Um paciente meu de muitos anos, com uma série de doenças graves, já esteve para morrer umas 10 vezes nos últimos 10 anos e agora, de fato, ele está em um processo ativo de morte. Ele estava na UTI, sempre falando de mim, e eu não conseguia visitá-lo. “Tomara que ele não faleça antes de eu conseguir vê-lo”, pensava. Consegui. Ele queria ir para o quarto. “Chamei meus filhos, já me despedi deles, tenho duas filhas que estão chegando. Eles sabem o quanto amo essa família, e para mim está tudo bem. Eu só não quero ter frio, não quero ter sede. Não me deixam tomar água, estou com frio, quero sair daqui. Aqui tudo é proibido”, ele já havia dito. Falência cardíaca, falência renal, infecção grave generalizada… Cada uma das doenças dele chega perto de 110% de mortalidade. É inegável, ele tinha dias de vida. Aí a gente fez toda a manutenção das intervenções para o conforto dele. Não era cuidado paliativo tirar tudo, mas dar proporcionalidade às intervenções, para que ele ficasse bem. Numa quinta-feira, isso foi conversado com os médicos titulares, alinhado com a família, tudo escrito no prontuário, tudo certo. Na sexta, ele piorou, e conseguimos controlar os sintomas sem intubá-lo. No sábado, a equipe titular assediou a família: “Vocês vão negar a vida para o pai de vocês? Deveriam intubá-lo, fazer diálise, temos o recurso disponível. Vocês preferem a morte do pai de vocês?”. Ele foi intubado. A única certeza que tenho é que agora ele tem sede, tem dor. Ele vai morrer, só que ninguém o ouviu. O que me faz sofrer, o que me tira o sono, o que me dá dor de estômago é ter vivido isso.

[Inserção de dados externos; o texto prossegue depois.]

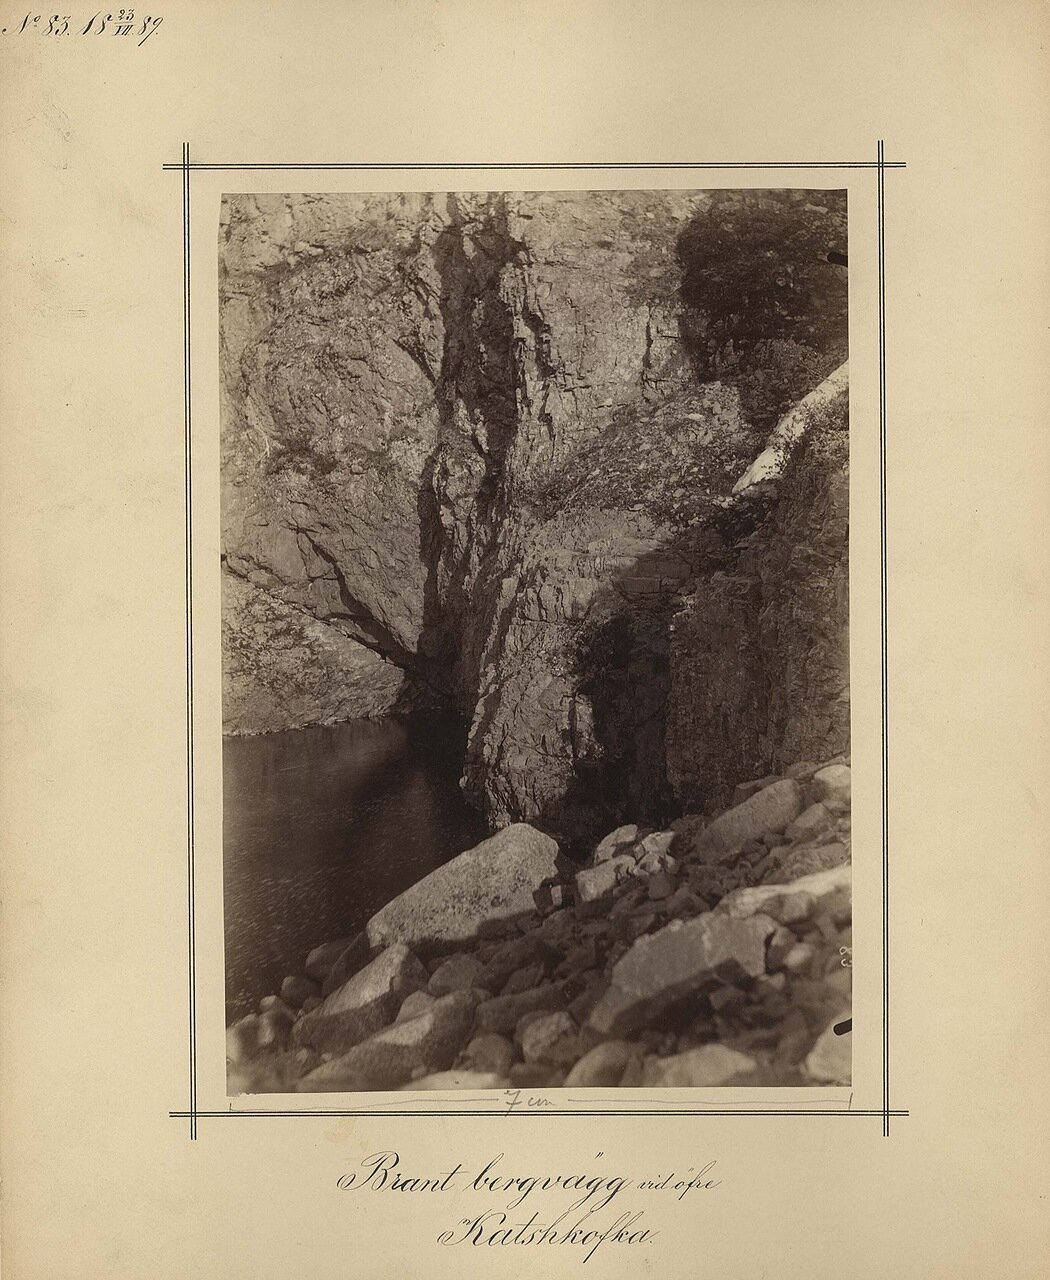 23.7.1889. Крутая скала на реке Кофта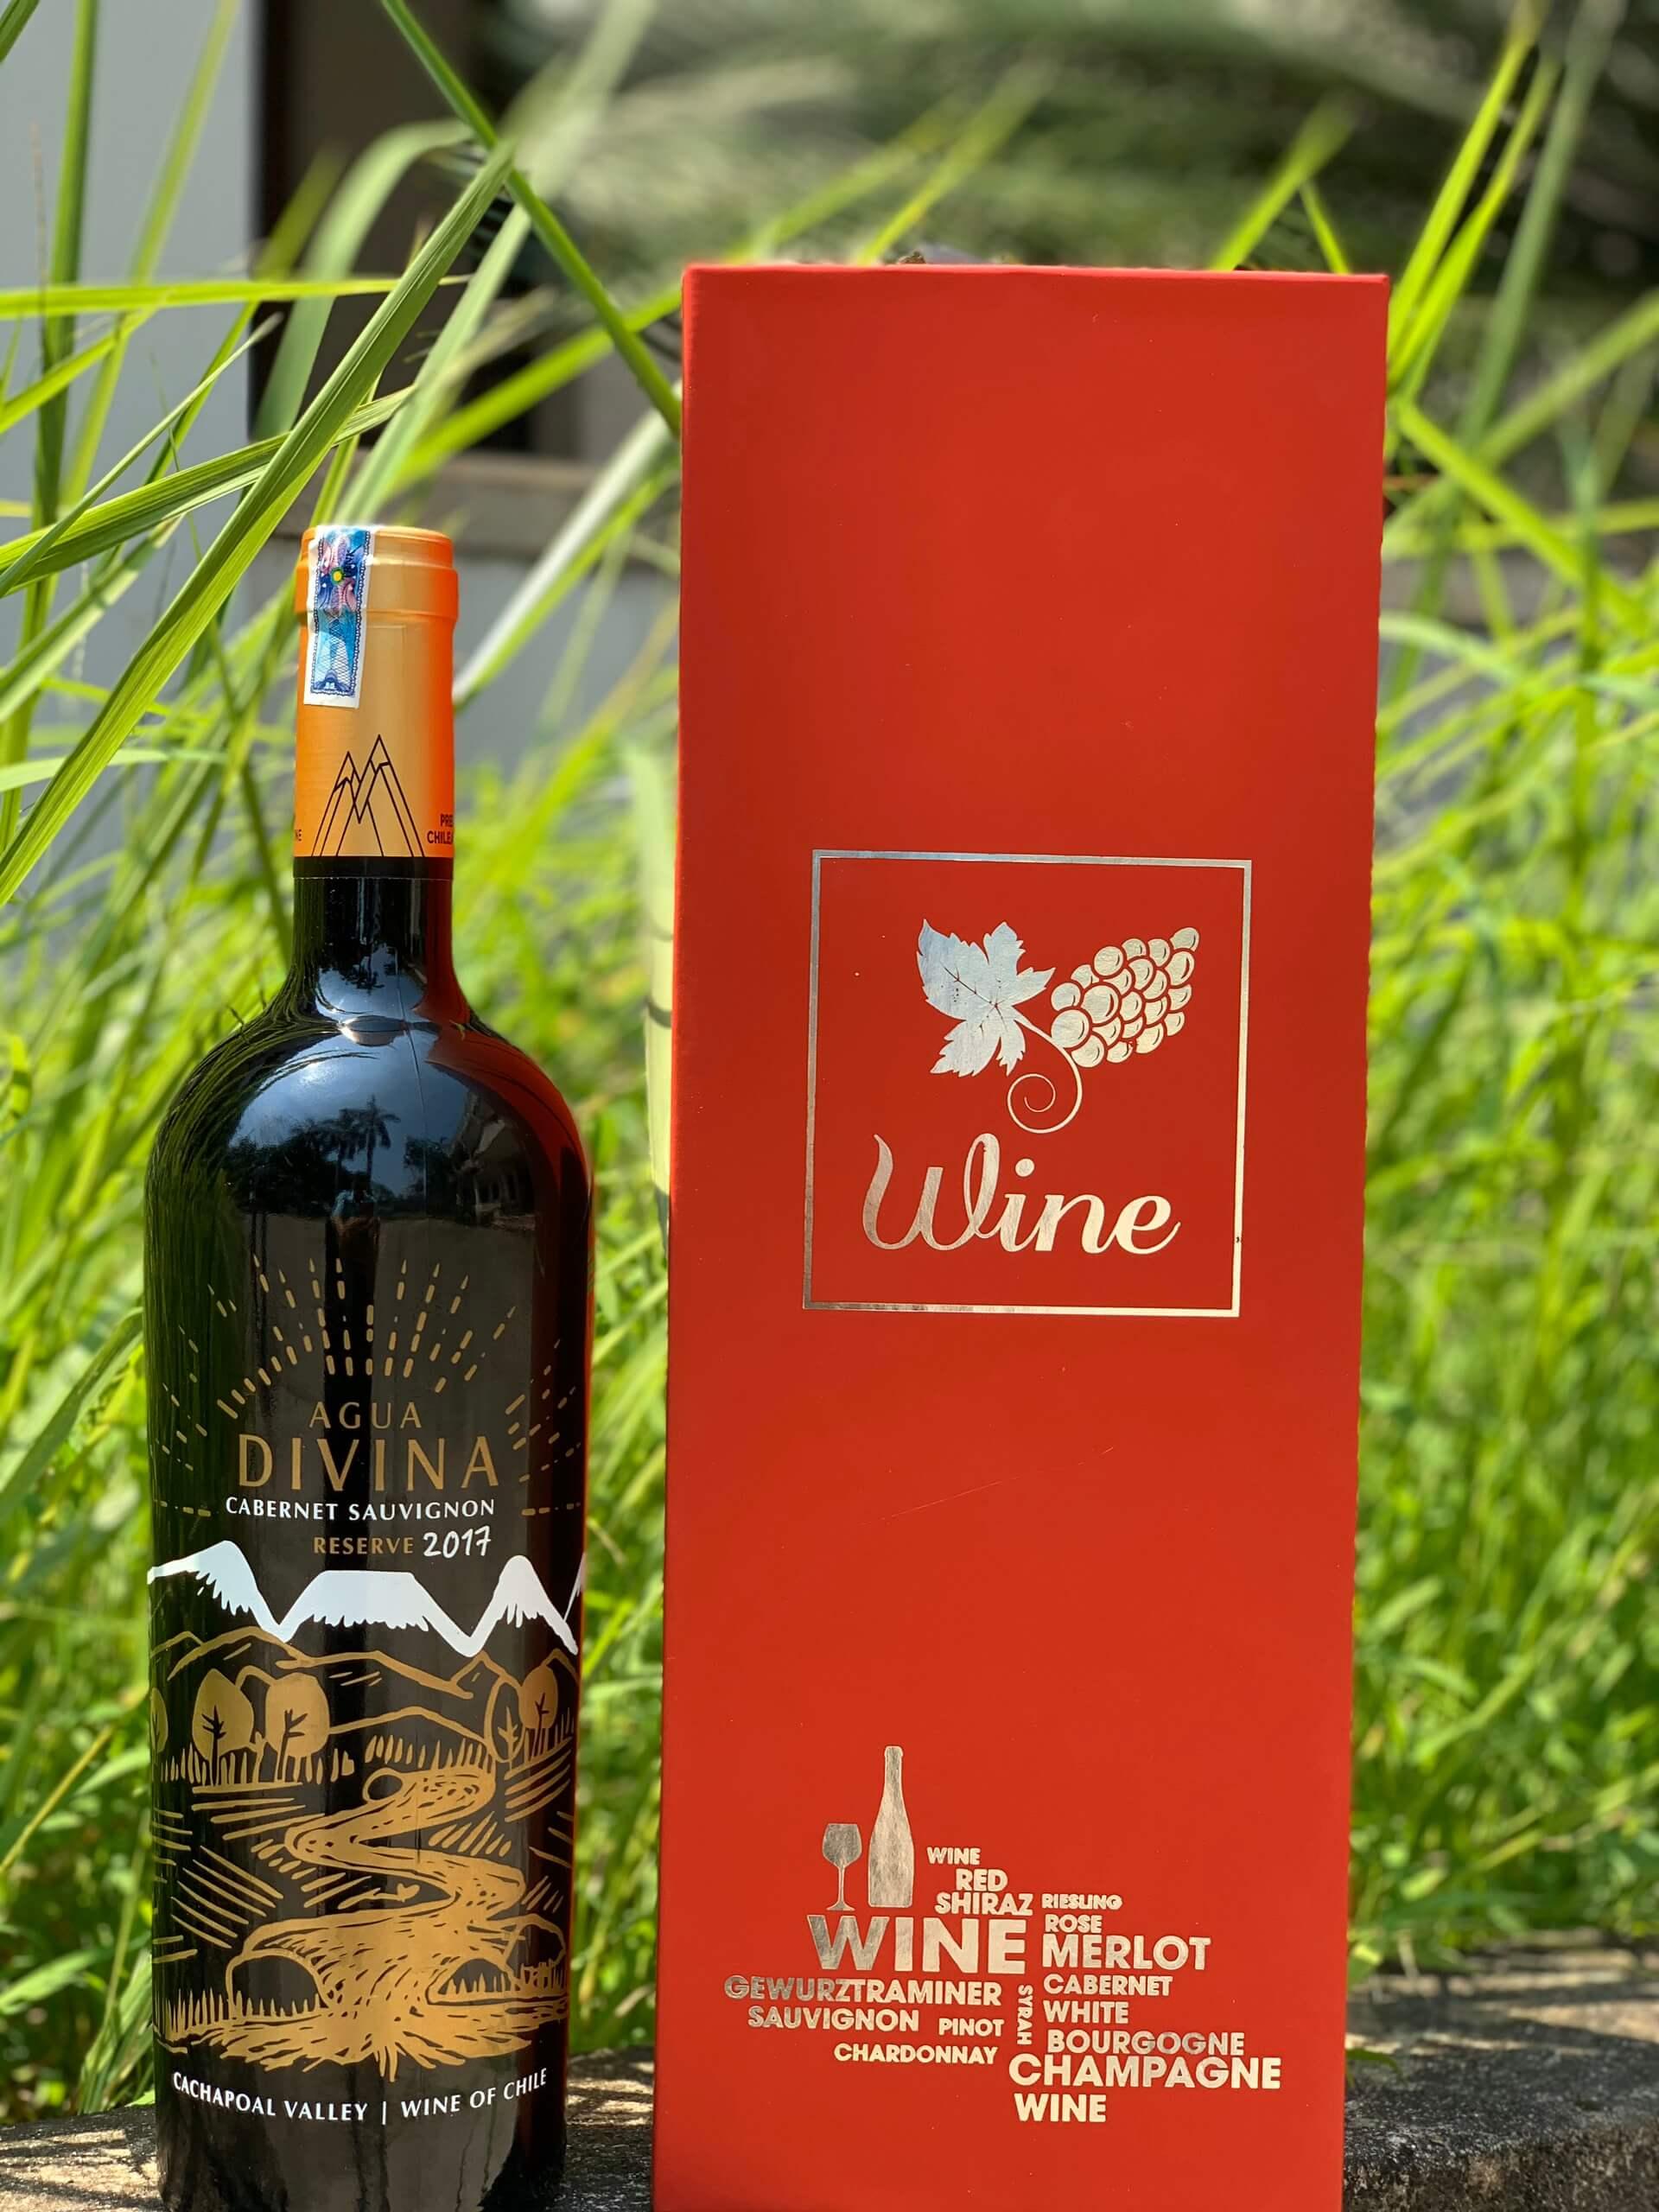 Kết quả hình ảnh cho divina agua cabernet sauvignon

Você reverte uma frase clichê, dizendo que não é a primeira impressão que fica, mas a última. Por quê? 
Você leva para a sua vida a experiência mais intensa do processo. Um exemplo que não é nem de morte: você vai se separar. Você casou com o príncipe encantado, tinha a percepção de que era para sempre, a pessoa a fazia superfeliz e você era a pessoa mais feliz do mundo. Aí você vai se separar: você odeia aquele cara, não quer vê-lo nem pintado de ouro na sua frente. Por quê? Porque a última coisa que ele fez lhe fez muito mal. E aí o processo do fim mata toda a história anterior. Quando você tem um pai que foi mau, difícil, ausente e, no final, ele fala “eu te amo”, é como se você tivesse tido um pai que te amou a vida inteira.

O fim pode salvar todo o resto. 
Salva todo o resto. Nunca é tarde para se envolver.